Нина лежит на холодном полу, в пуховике, засыпанная соломой. Доза снотворного оказалась недостаточно сильной, и Нина погружается в легкое забытье, балансируя на грани сна и яви. Сквозь сон она слышит женский голос, который то приближается, то отдаляется, то зависает под потолком, то шепчет в ухо. Нина открывает глаза и видит перед собой лицо с раскрасневшимися ноздрями. Из распахнутой двери бьет свет.

Незнакомая девушка, причитая, сдирает с губ Нины скотч: она делает это гораздо больнее, чем Артем. Девушка с раскрасневшимися ноздрями старается разорвать скотч на руках у Нины, но у нее не выходит — она слишком торопится, суетится, все время бормочет: «Сейчас, сейчас! Я позову на помощь! Сейчас вернусь!» Нина просит не уходить, а сейчас же звонить в полицию. Нине кажется, что она произносит слова громко и четко, но незнакомая девушка не реагирует. Как будто Нина пытается докричаться до нее из собственного сновидения. Так и не разорвав скотч, девушка убегает за помощью. Нина понимает, что девушка не вернется. Она представляет, как девушка с воспаленными ноздрями бежит вверх по лестнице, крича о пленнице из сарая. Навстречу выходит Артем, укрыв за спиной поврежденную руку. «Что? Кто-то связал девушку в каретном сарае? Ах, как это ужасно!»

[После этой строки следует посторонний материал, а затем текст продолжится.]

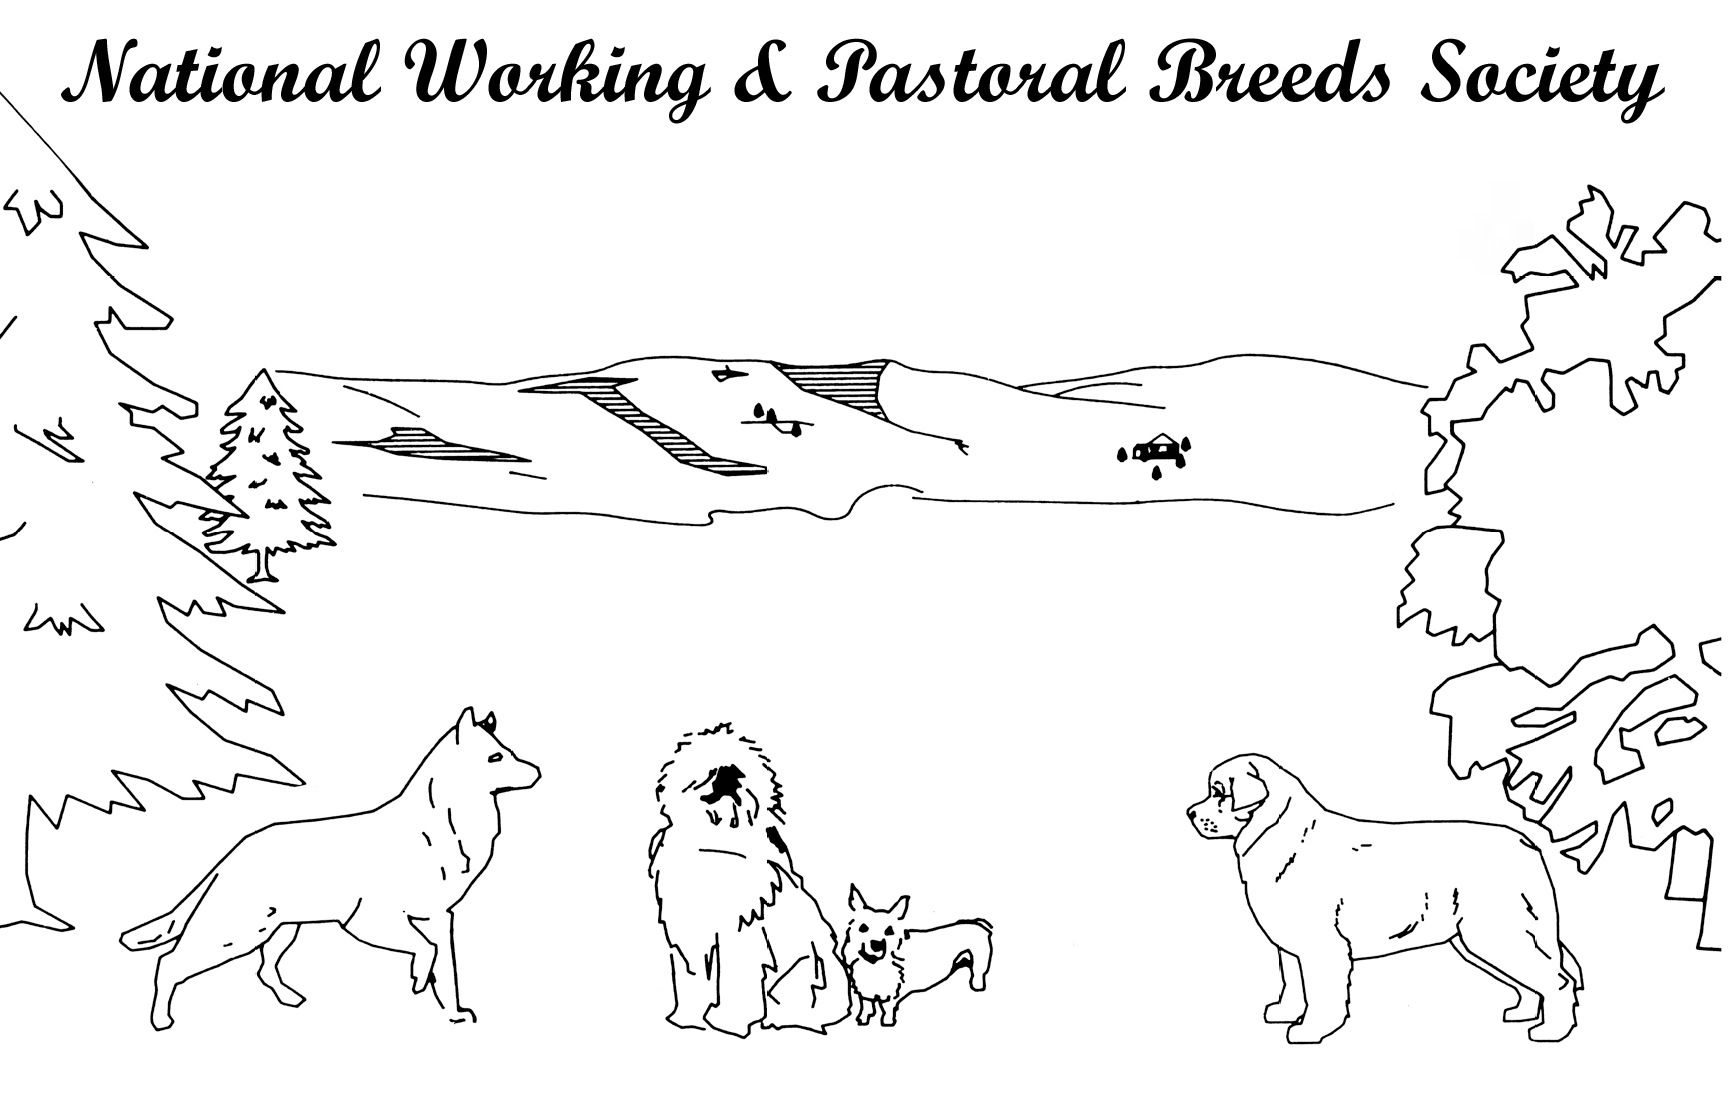 NATIONAL WORKING & PASTORAL BREEDS SOCIETY - Ch

Нина приподнимает голову и долго глядит в темный угол рядом с собой. Она с трудом различает очертания небольшого продолговатого предмета. Проходит пара минут, прежде чем Нина осознает: среди тростинок сена лежит отвертка с прорезиненной рукояткой.

Нина действует быстро и ловко, она приноровилась ползти за счет движений плеч, ног, корпуса. Самое трудное — схватить рукоятку, сидя спиной, но этот элемент удается Нине почти сразу же. Дальше она торопится разорвать скотч на руках и несколько раз больно колет себя острием в район копчика. Проделав несколько дыр и растянув скотч, Нина освобождает руки и сразу же приступает к ногам. Ноги связаны особенно основательно, и Нина не верит, что успеет выпутаться до появления Артема, но продолжает рвать скотч, веревки, куски старой одежды.